The results of this study suggest that both the end-to-end CNNs and the hybrid CNN–ML approach achieve excellent discriminative capacity in the identification of CTRC, with AUC values of 0.956 [95% CI: 0.937–0.975] and 0.961 [95% CI: 0.945–0.975], respectively. This high diagnostic efficacy is consistent with current literature, as highlighted by He et al.29, positioning DL as the current gold standard for anomaly detection in MSK radiography and overcoming the limitations of manual feature engineering.
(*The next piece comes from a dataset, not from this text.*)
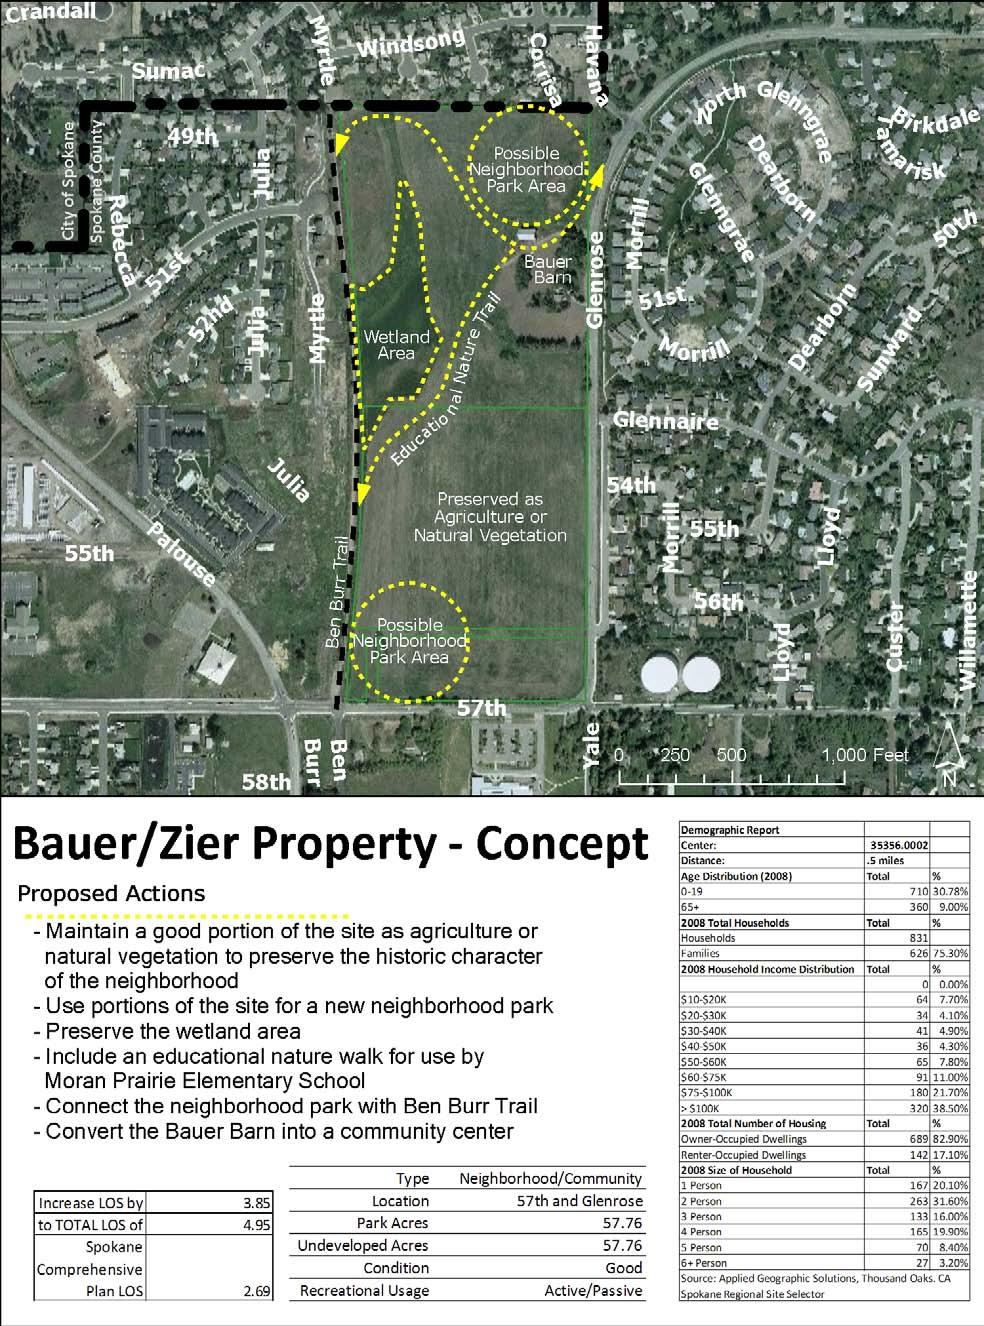 Figure 34 Bauer/Zier Property Improvement Concept - Source:

Our findings suggest the maturity of automated systems in identifying complex structural patterns with high clinical reliability.
Specifically, recent evidence demonstrates that CNN-based models can match or surpass the diagnostic accuracy of specialized clinicians across diverse anatomical regions, such as wrist and shoulder, with AUC values consistently exceeding 0.9230,31,32. Beyond traumatic pathology, the robustness of these models has been successfully extended to analyzing degenerative cervical spondylosis and altered spinal cord signal on MRI33, and classifying MSK tumors through automated segmentation and predictive classification using DL and radiomics34. These advancements consolidate AI as a versatile and multidisciplinary support tool in modern radiology.
A critical observation in our study is the diagnostic parity between both modeling strategies. This empirical finding suggests that the convolutional backbone serves as a highly effective domain transformer, capturing radiological patterns–such as high calcium density relative to soft tissue–so robustly that the resulting hierarchical representations are informative enough on their own, regardless of the downstream classifier. The absence of statistically significant differences and 95% CI overlap between the end-to-end CNN and the hybrid pipeline indicates that the deep features extracted by the VGG19 architecture are sufficiently discriminative.
This finding is further supported by the architecture of our end-to-end model, which utilizes a single output neuron with sigmoid activation following the convolutional backbone. By omitting additional hidden layers in the classification stage, the network is constrained to perform a linear separation in the high-dimensional feature space. The fact that this streamlined design matches the performance of optimized ML algorithms, such as the SVM, suggests that the convolutional architecture successfully projects the XRs into a latent space where healthy and pathological classes are linearly separable. From a computational perspective, this implies that the VGG19 backbone has already resolved the problem’s complexity within its convolutional layers, simplifying the final decision boundary. If the classification task involved complex non-linear dependencies at its final stage, the use of a single neuron would have significantly hindered performance, necessitating a multi-layer perceptron to model such boundaries.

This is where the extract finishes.